FORM OF SUB-INVESTMENT ADVISORY AGREEMENT
COREFUNDS INTERNATIONAL GROWTH FUND
AGREEMENT made as of December 15, 1997 between CORESTATES INVESTMENT
ADVISERS, INC., a Pennsylvania corporation (hereinafter the "Investment
Adviser"), and ABERDEEN FUND MANAGERS, INC. a Delaware corporation (hereinafter
the "Sub-Adviser").
WHEREAS, CoreFunds, Inc., a Maryland corporation (the "Fund") is registered
as an open-end, diversified, management investment company under the Investment
Company Act of 1940, as amended ("1940 Act"); and
WHEREAS, the Fund is authorized to issue shares of Common Stock in separate
series representing shares in a separate portfolio of securities and other
assets; and
WHEREAS, the Investment Adviser is a party to an Investment Advisory
Agreement, dated as of April 12, 1996 with the Fund, pursuant to which the
Investment Adviser provides investment advisory services to the Fund and certain
of its portfolios; and
WHEREAS, the Investment Adviser wishes to have the Sub-Adviser act as a
sub-investment adviser for a portion of the assets of the Fund's International
Growth Portfolio and as such to provide the Investment Adviser with investment
advisory services, including investment management, investment research and
investment recommendations, and the Sub-Adviser is willing to provide such
services;
NOW, THEREFORE, in consideration of the premises and mutual covenants
herein contained, it is agreed between the parties hereto as follows:
1. Appointment. The Investment Adviser hereby appoints the Sub-Adviser to act as
a sub-investment adviser to the Fund for the period and on the terms set forth
in this Agreement.

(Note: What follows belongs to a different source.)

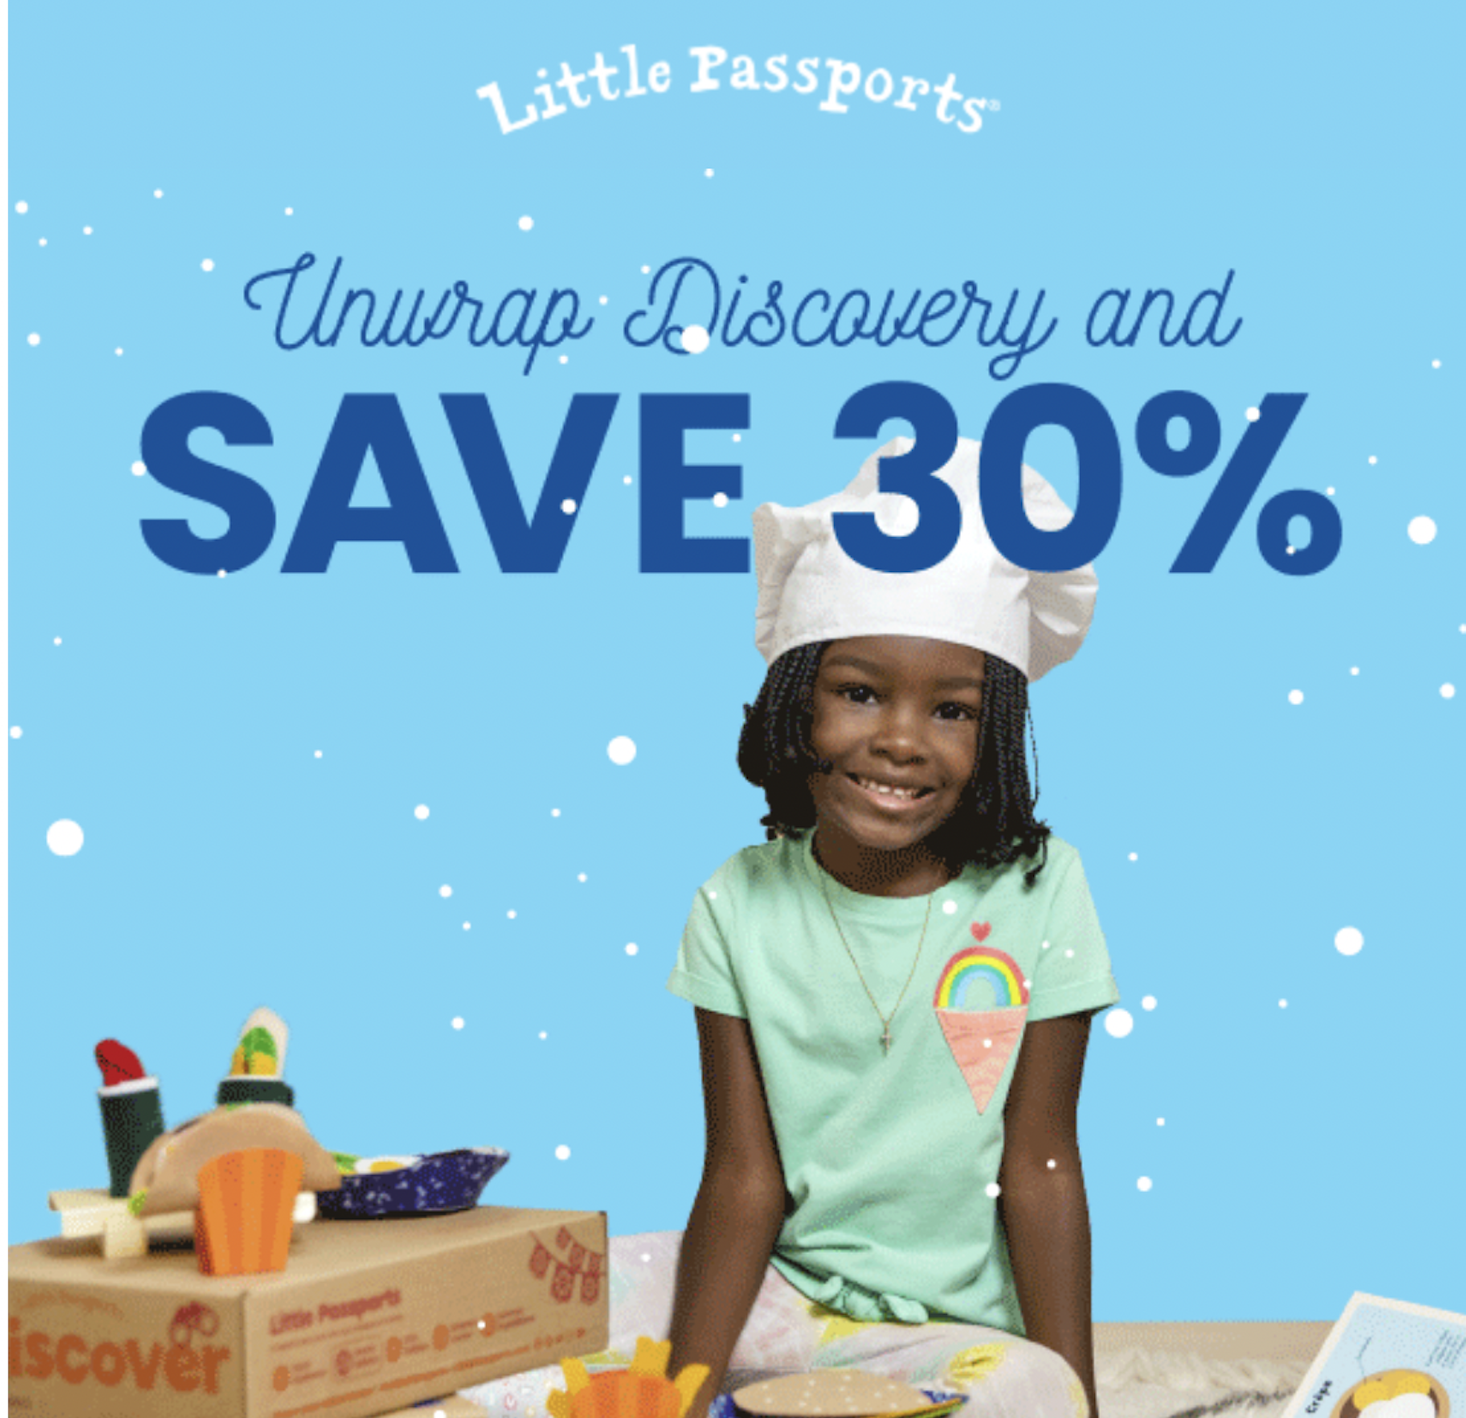 Little Passports Holiday 2021 Deal: 30% OFF New Subscriptions – Science, Geography, Culture, Etc.
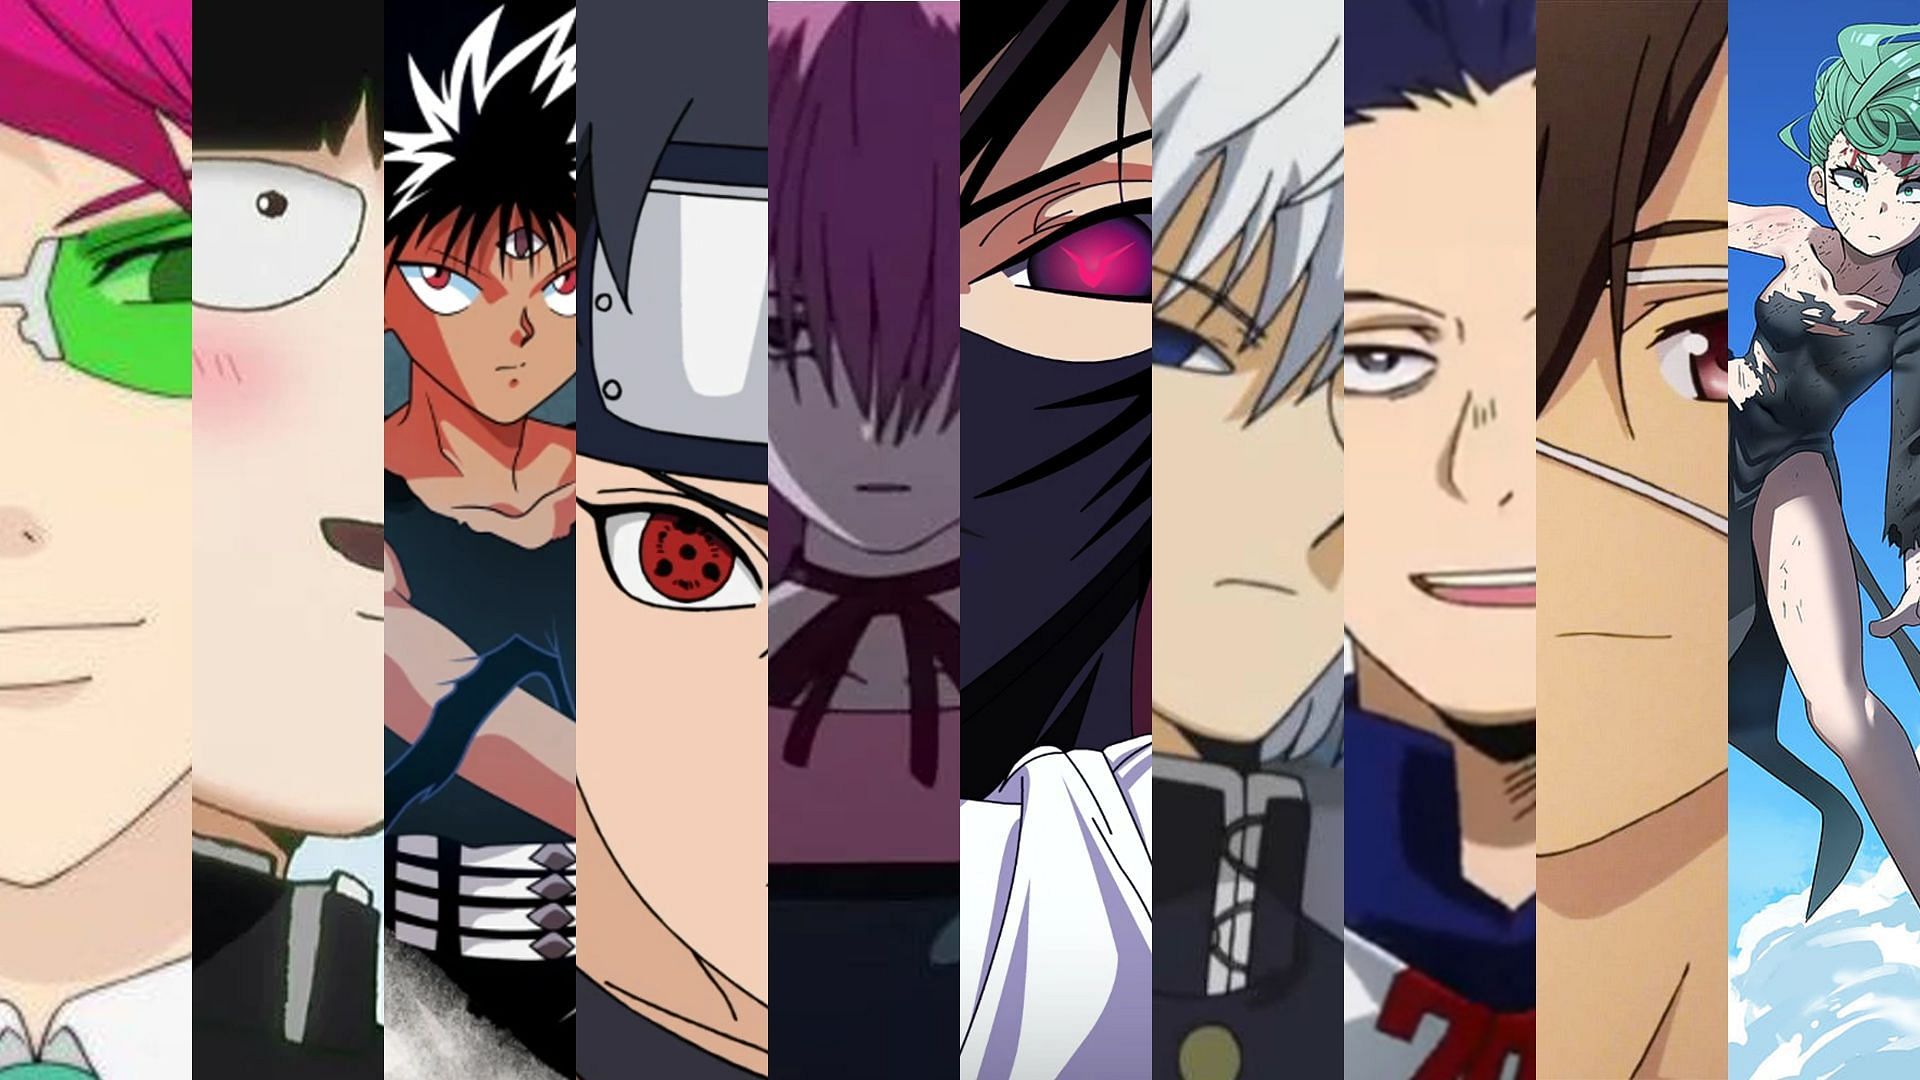 Top 41 Strongest Anime Characters Ranked

The Sub-Adviser accepts such appointment and agrees to
furnish the services herein set forth for the compensation herein provided.
2. Delivery of Documents. The Fund or the Investment Adviser has furnished the
Sub-Adviser with copies properly certified or authenticated of each of the
following:
a. the Fund's Articles of Incorporation, as filed with the Secretary of
State of Maryland on September 11, 1984, and all amendments thereto
(such Articles, as presently in effect and as they shall from time to
time be amended or supplemented, are herein called the "Articles of
Incorporation");
b. the Fund's By-Laws and amendments thereto (such By-Laws, as presently
in affect and as they shall from time to time be amended, are herein
called the "By- Laws");
c. resolutions of the Fund's Board of Directors authorizing the
appointment of the Investment Adviser and approving this Agreement;
d. the Fund's Notification of Registration on Form N-8A under the 1940
Act as filed with the Securities and Exchange Commission on September
11, 1984 and all amendments thereto;
e. the Fund's Registration Statement on Form N-1A under the Securities
Act of 1933, as amended ("1933 Act") (File No. 2-93214) and under the
1940 Act as filed with the Securities and Exchange Commission and all
amendments thereto; and
f. the Fund's most recent Prospectus and Statement of Additional
Information (such Prospectus and Statement of Additional Information,
as presently in effect and all amendments and supplements thereto, are
herein called the "Prospectus").
The Fund or the Investment Adviser will furnish the Sub-Adviser from time
to time with copies of all amendments of or supplements to the foregoing.
3. Management. Subject to the supervision of the Fund's Board of Directors and
the Investment Adviser, the Sub-Adviser will provide a continuous investment
program for a portion of the assets of the International Growth Portfolio of the
Fund, as determined by the Investment Adviser, including investment research and
management with respect to that portion of securities and investments and cash
equivalents managed by the Sub-Adviser for the International Growth Portfolio of
the Fund and such other portfolios (hereinafter collectively, the "Portfolios")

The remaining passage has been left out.